I look forward to your success in the culinary world!

Errol


----------



## rob w (May 18, 2011)

It's kind of like asking someone what their favorite kind of car is...

It really is something you need to hit your local kitchen store or Williams and Sonoma and ask to see and hold the knife -- they're used to it -- and see if they have a cutting board so you can get a feel for the weight, balance and motion.  You may want to go in your whites or bring in your schedule; some places offer discounts to culinary students or people in the industry.

Not sure how your current knife skills are, but when you hold your chef's knife, you're actually pinching on the blade, just in front of the bolster.  So, you should be able to balance the blade on your finger at that point -- that's where your fulcrum should be to get that rocking motion when you're cutting.  Some people like light blades for less fatigue after long use while some people like a little bit of heft to the blade to help achieve that balance.

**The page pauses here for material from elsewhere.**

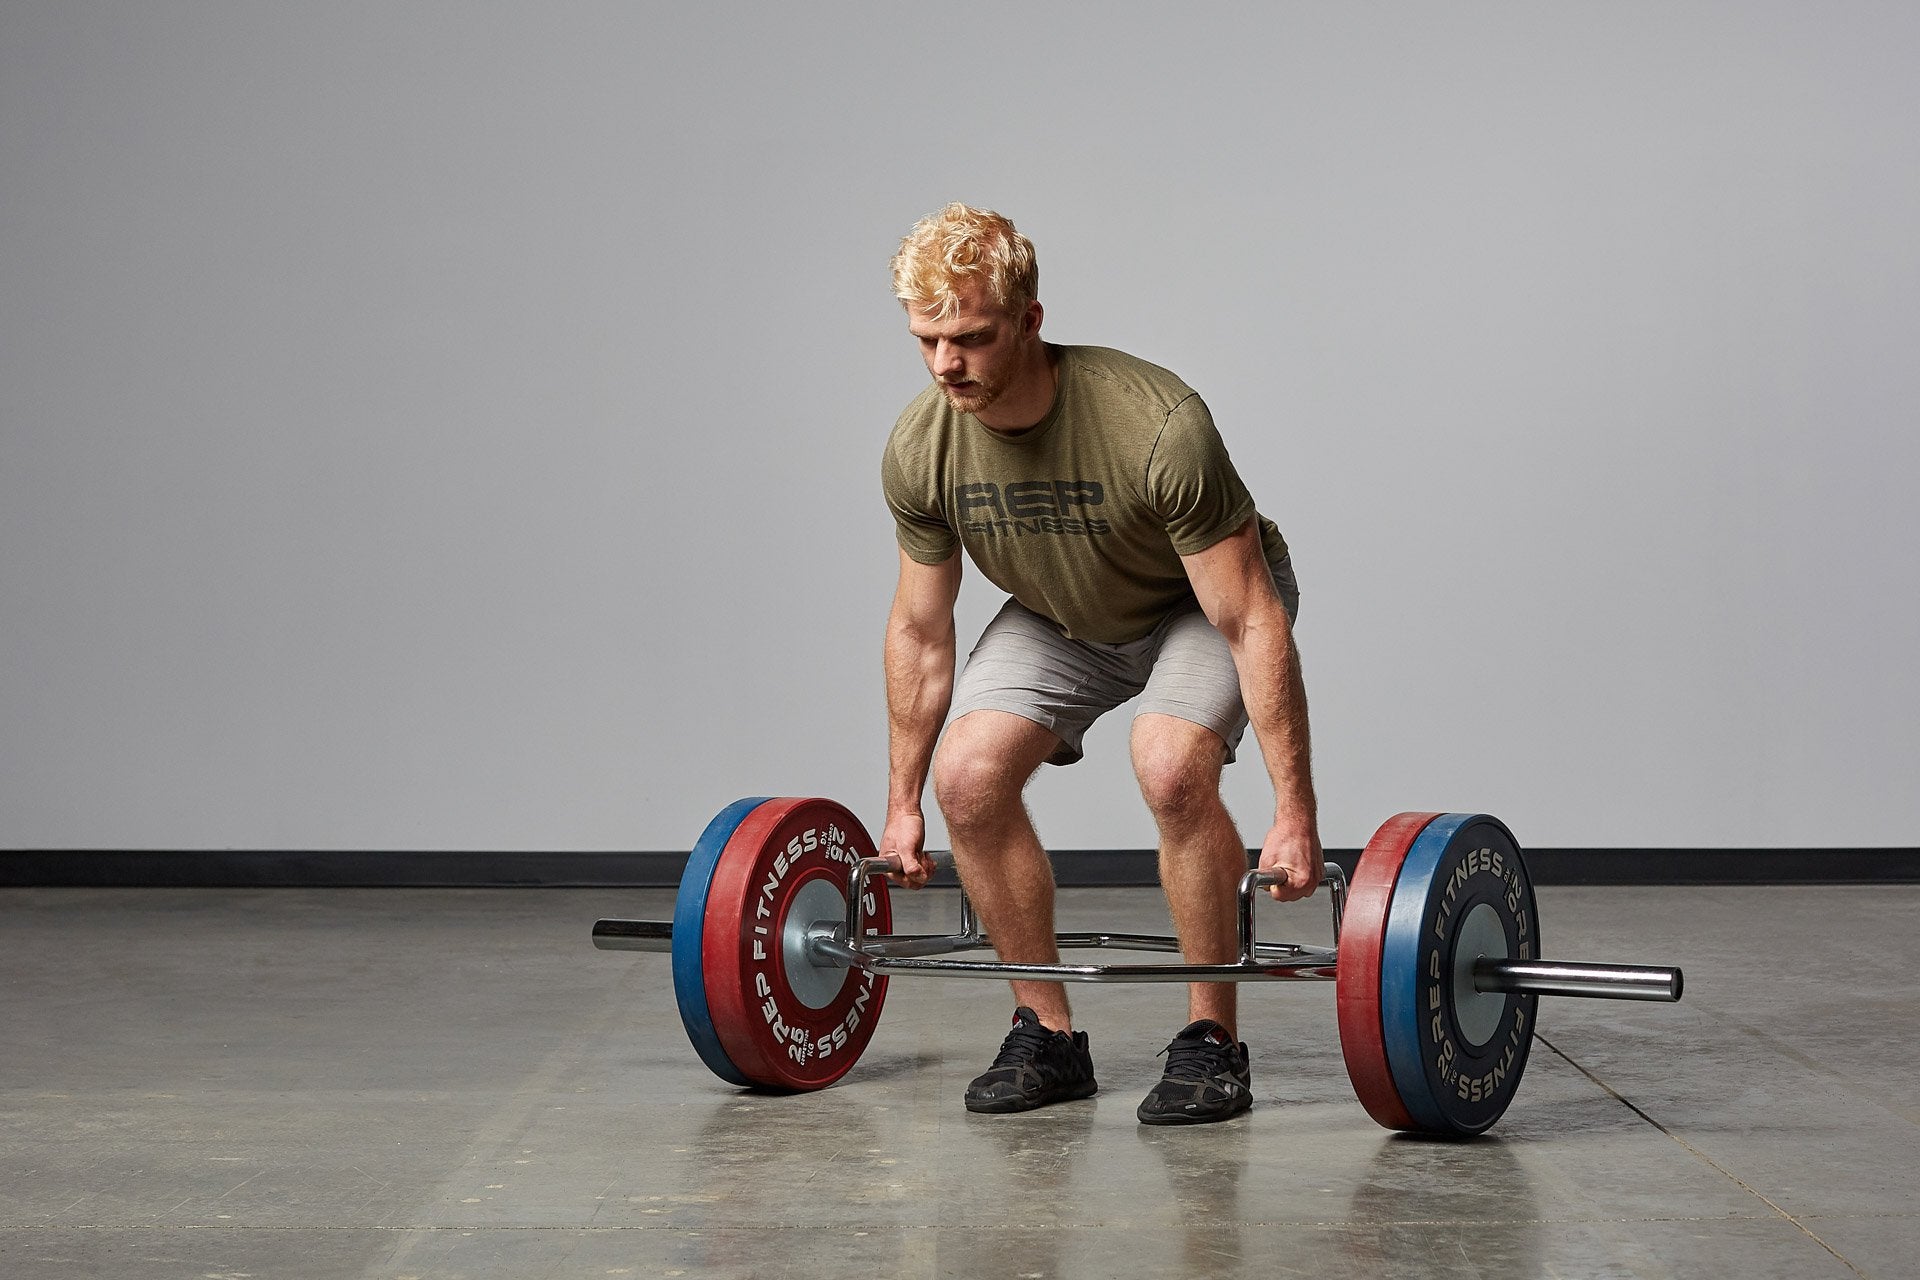 Trap Bar Training Exercises: Design, Benefits, How To's - Muscle

Here's the thing with knives -- if you have the disposable income, you're going to be better off starting with a set, it'll be cheaper in the long run.  I'm a fan of Henkel's (nice weight, excellent balance, fits my hands well), so I picked up a 7 piece set -- I believe it was their "Pure" series.  It came with an 8" chefs, steel, pairing, bread, utility, mini-santoku and a block -- it retailed for $450, but with their 20% student discount, I paid $310.  I then spent $100 on a slicer and carving fork and $80 on a fillet and boning knife to complete the set.

So, for about $500, I have a full set of high quality knives that will probably stay with me the rest of my life

There are other good quality names to look at like Shun and Wusthof, but honestly, go out and test drive a few. 

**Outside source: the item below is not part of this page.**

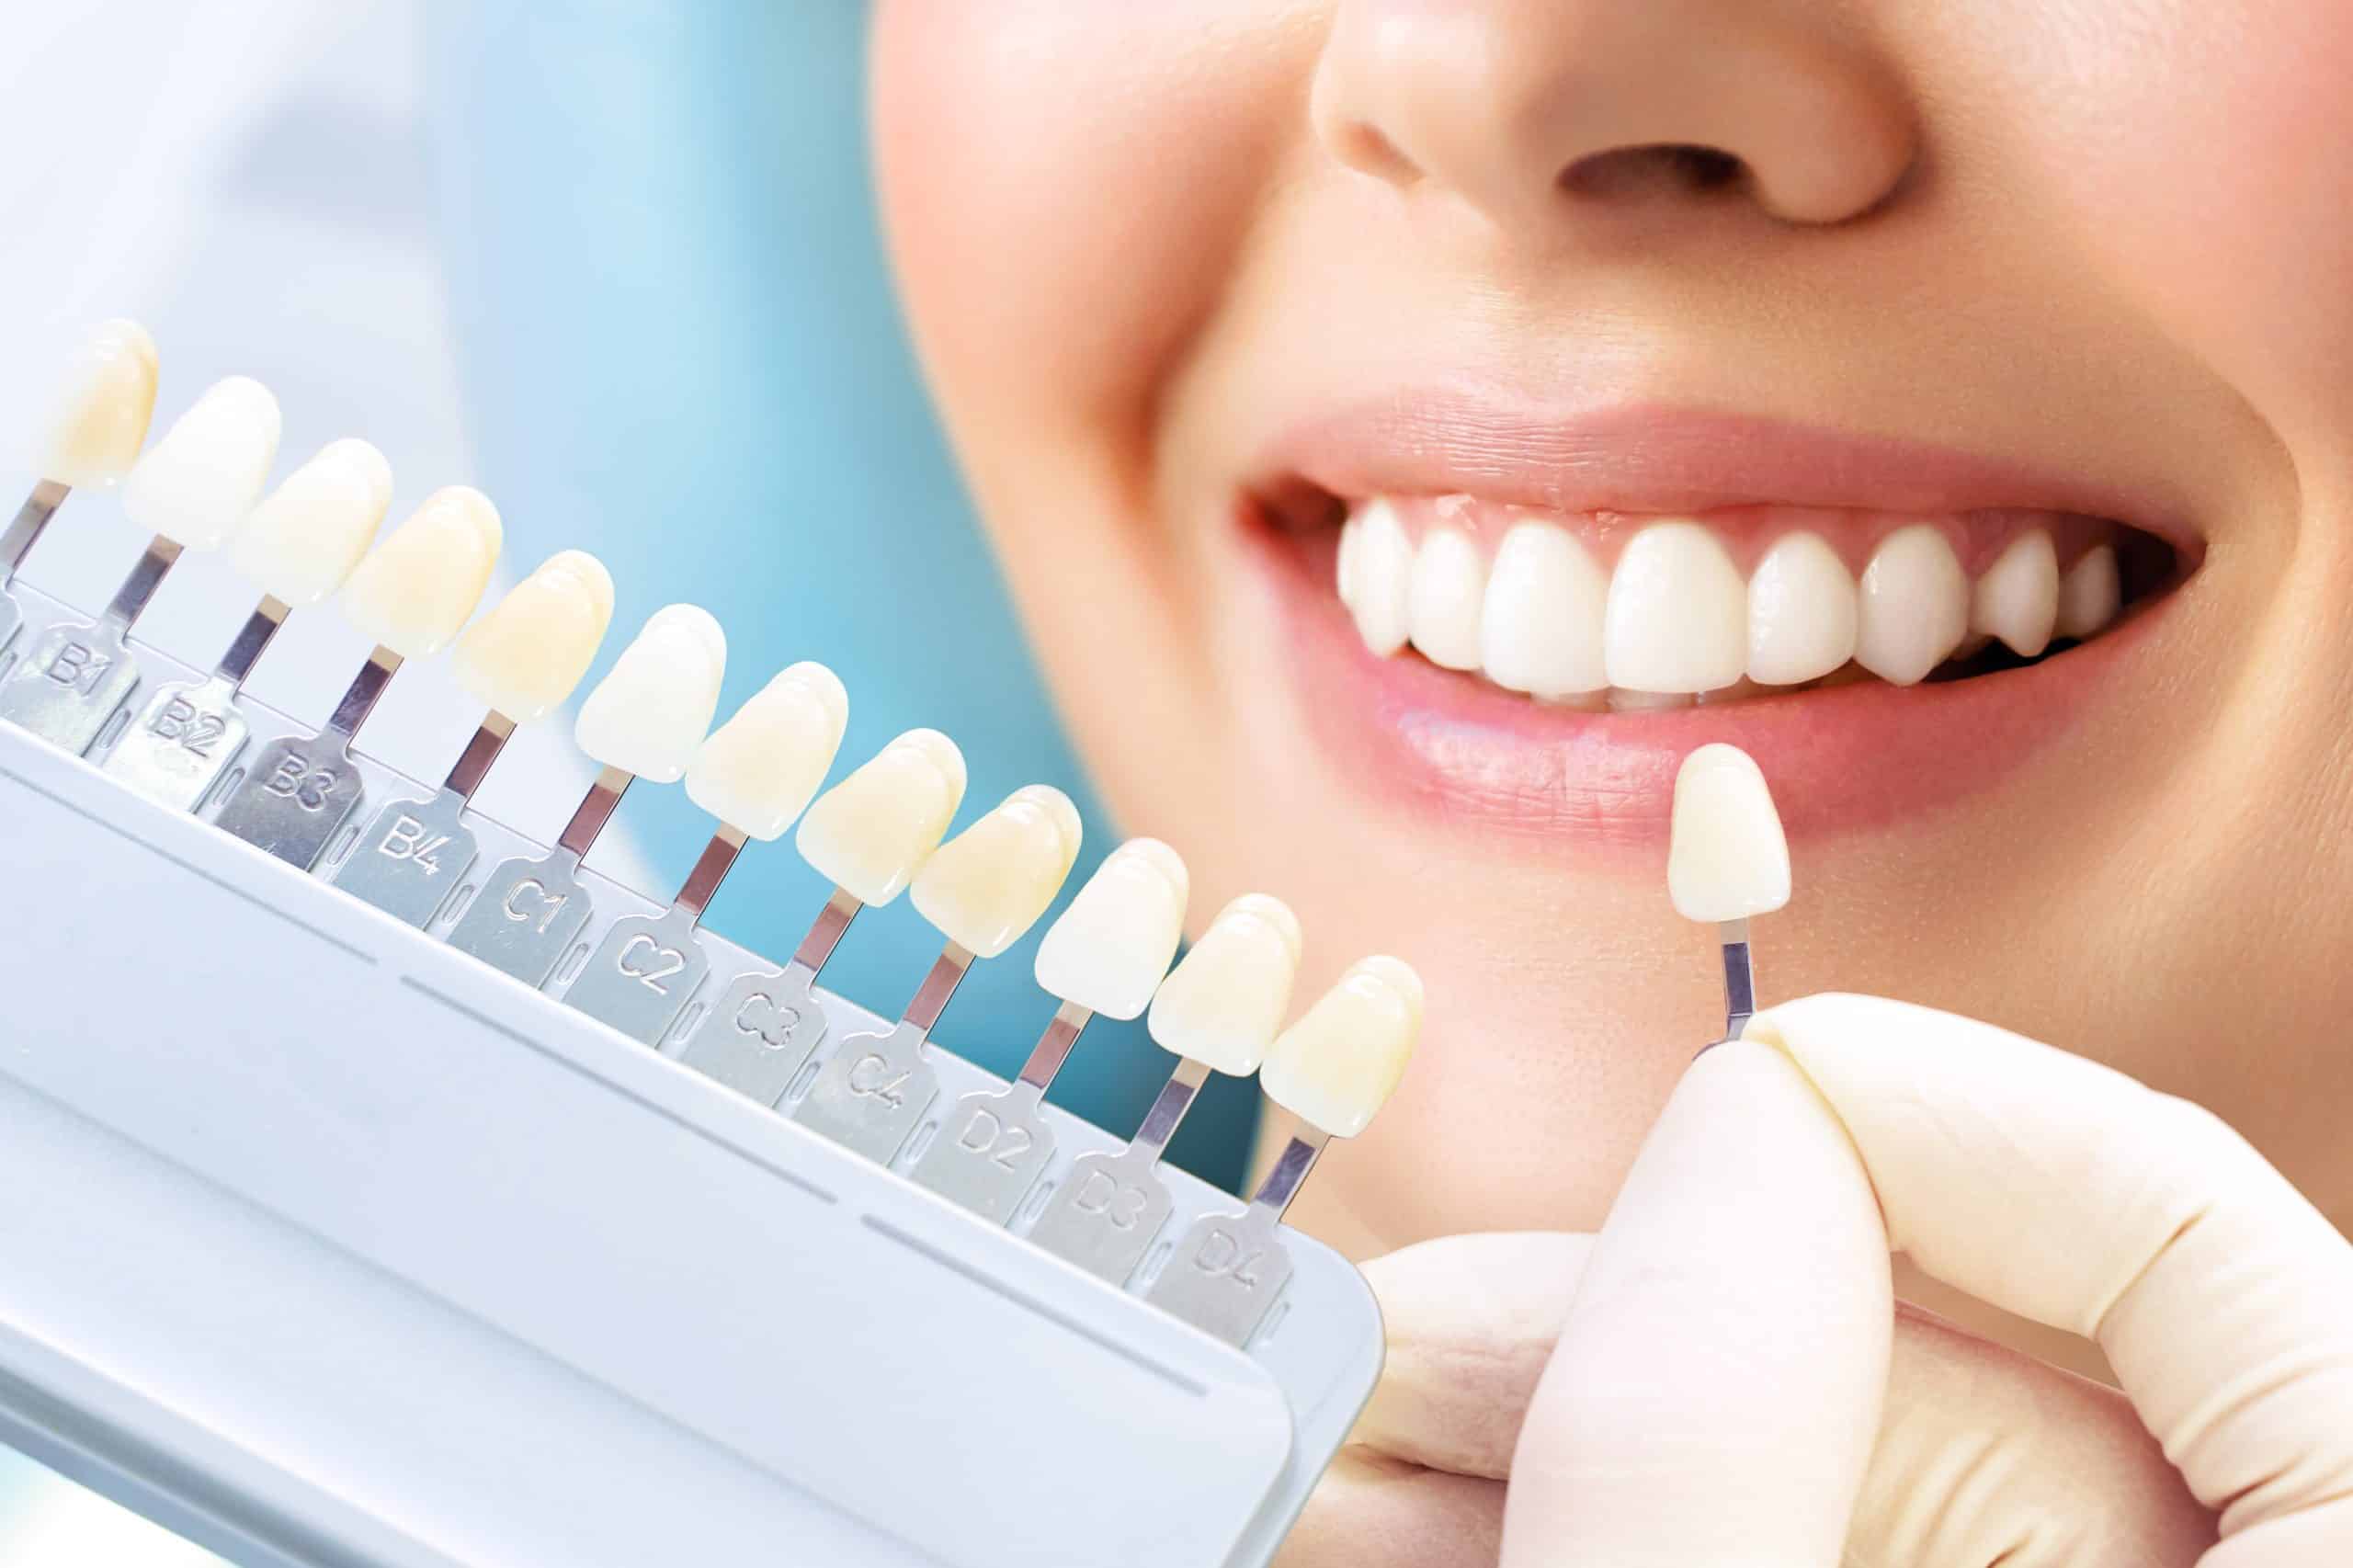 How can cosmetic dental treatments help my oral health

Be sure to update on how your search and classes go -- always interested in hearing about others' experiences.


----------



## cheftux (Oct 12, 2011)

One tip for picking out knives, I did the exact same thing when I bought my first knives and got a set. however now, I can't remember the last time I even USED a boning or paring knife. And I have a bread knife, but it pretty much sits at home. Spend your money on a high quality chef's knife, and grab the lesser quality (not the walmart brand, mercer is good) for all the other ones. 

Rob is right though, take it for a test drive. hold it, put it on the table and pick it up. It's better to look weird in the store than buy a knife that you end up realising that you don't like the way the handle feels when you put it down (shun's can be "slippery")

Best of luck mate!
:tux


----------



## chefedb (Apr 3, 2010)

Kevlar gloves should be worn when cutting meat and fileting fish. Other wise they are just to bulky. Just keep those fingers tucked under.

Good luck


----------



## healnfire (Oct 20, 2011)

Thanx Cheftux! good advice, I will try them all out.


----------



## healnfire (Oct 20, 2011)

Rob,

The videos at stella cullinary are awesome. I have been changing my knife handling and even my chop! I was wondering what are those finger condoms that I have seen on culinary shows called . Where do you purchase them? I was thinking it would be good to have just in case.


----------



## chefedb (Apr 3, 2010)

BAD PART ABOT ALL THESE SO CALLED FINGER PROTECTORS IS THAT YOU WILL START TO RELY ON THEM..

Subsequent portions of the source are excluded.